**What you should do**
Write out the data word for word and drop any picture you find.

**Data block**
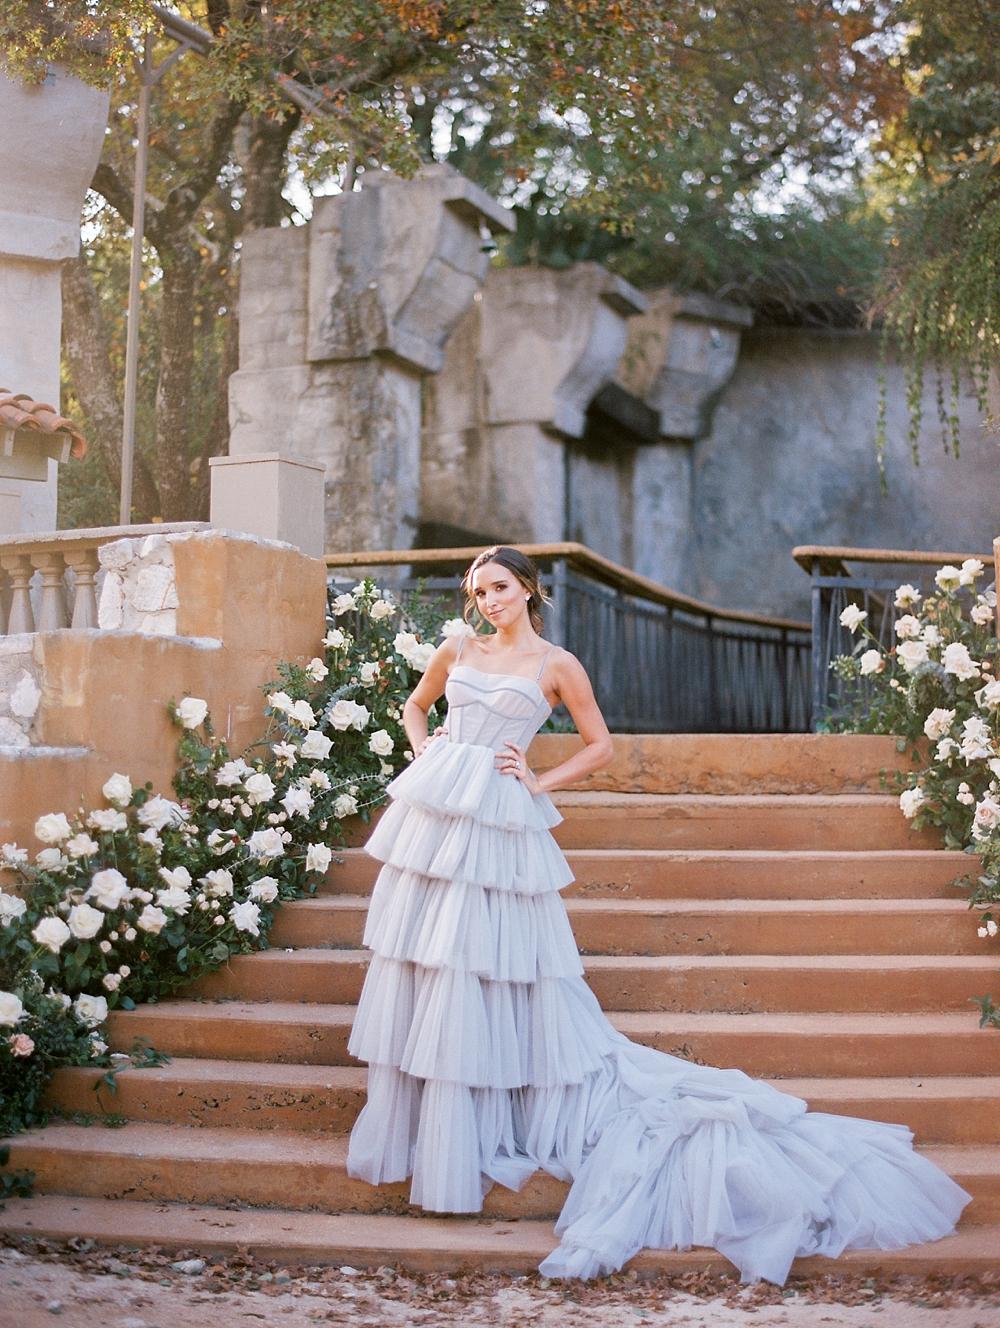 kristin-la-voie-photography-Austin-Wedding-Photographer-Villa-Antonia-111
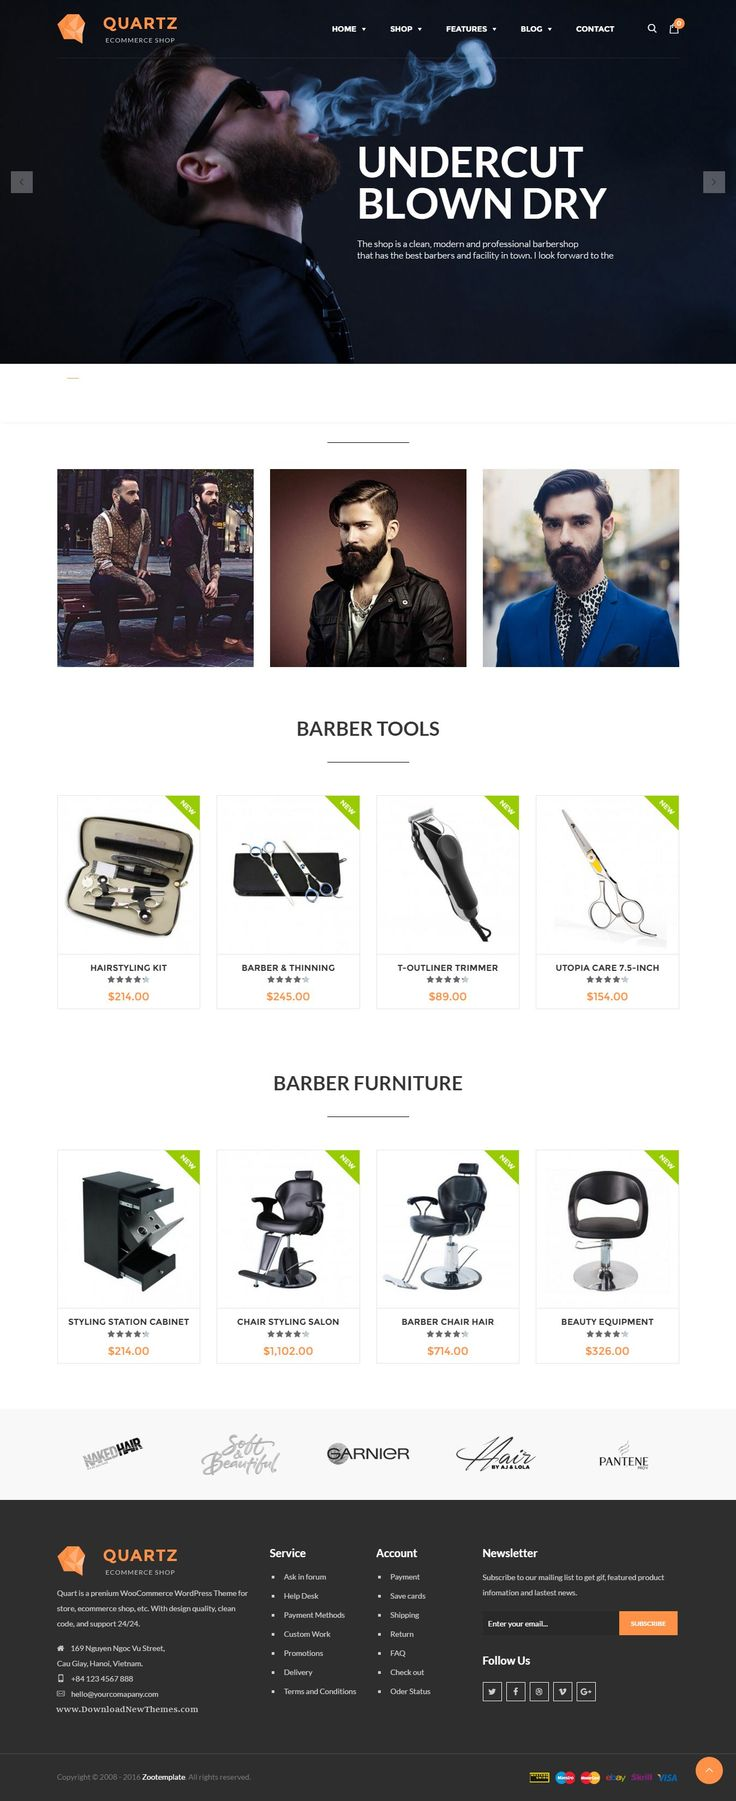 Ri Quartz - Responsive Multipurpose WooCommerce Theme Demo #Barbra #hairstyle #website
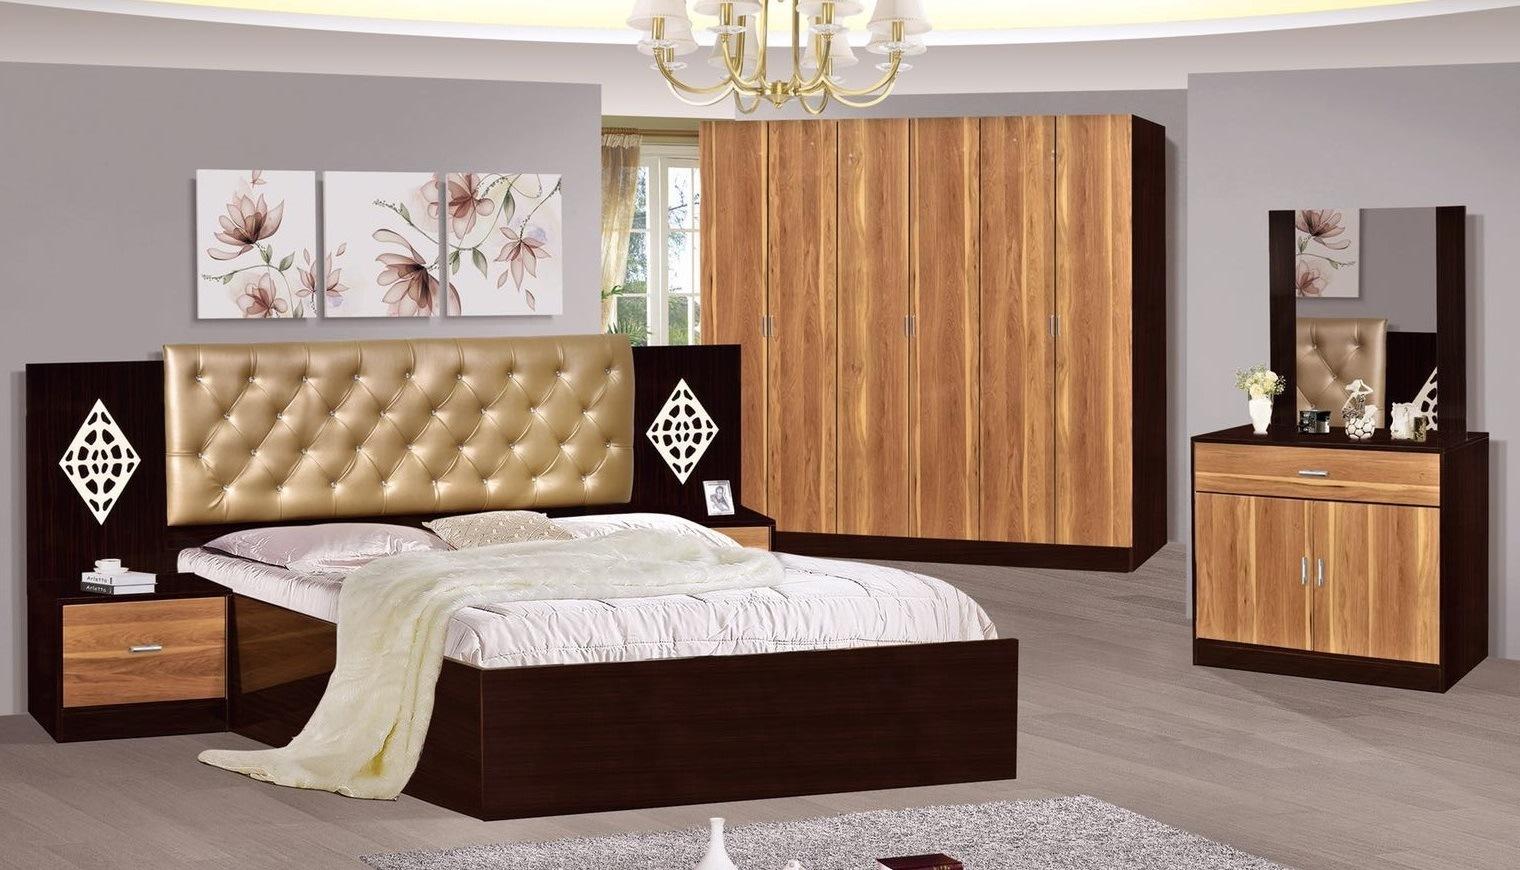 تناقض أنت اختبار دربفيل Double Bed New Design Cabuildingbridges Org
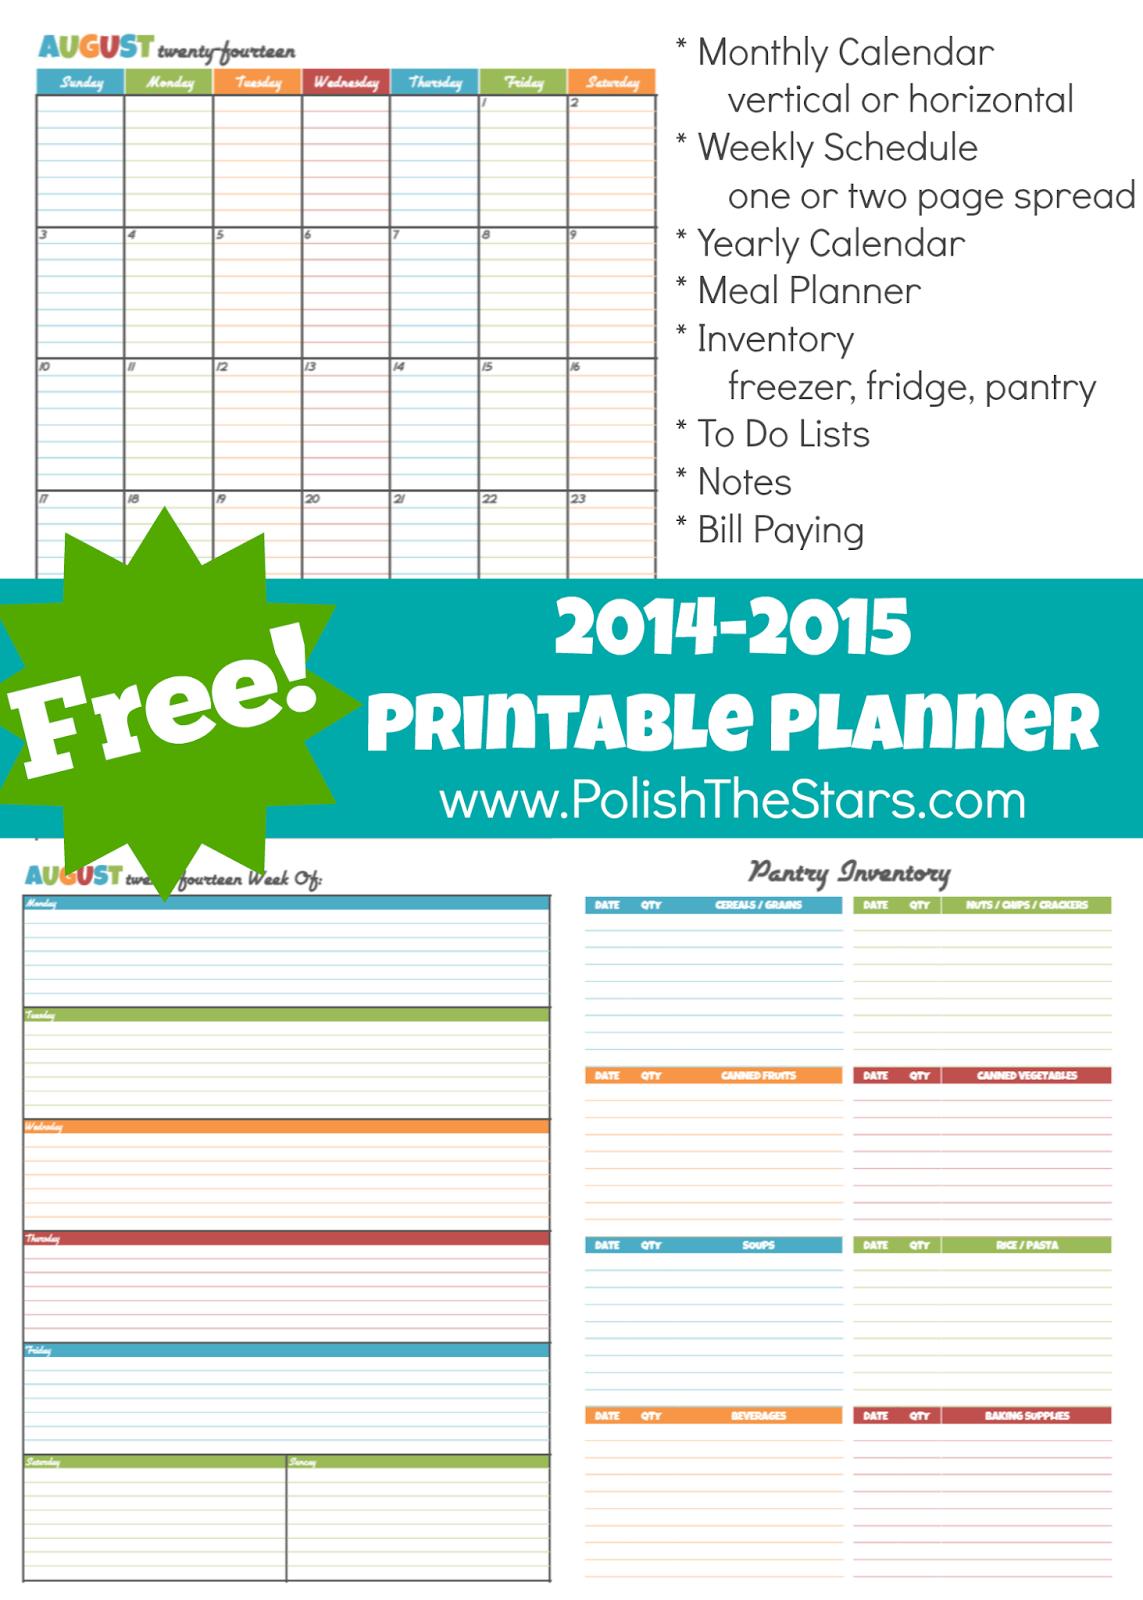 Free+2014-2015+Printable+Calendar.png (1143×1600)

**Task output**
 kristin-la-voie-photography-Austin-Wedding-Photographer-Villa-Antonia-111
 Ri Quartz - Responsive Multipurpose WooCommerce Theme Demo #Barbra #hairstyle #website
 تناقض أنت اختبار دربفيل Double Bed New Design Cabuildingbridges Org
 Free+2014-2015+Printable+Calendar.png (1143×1600)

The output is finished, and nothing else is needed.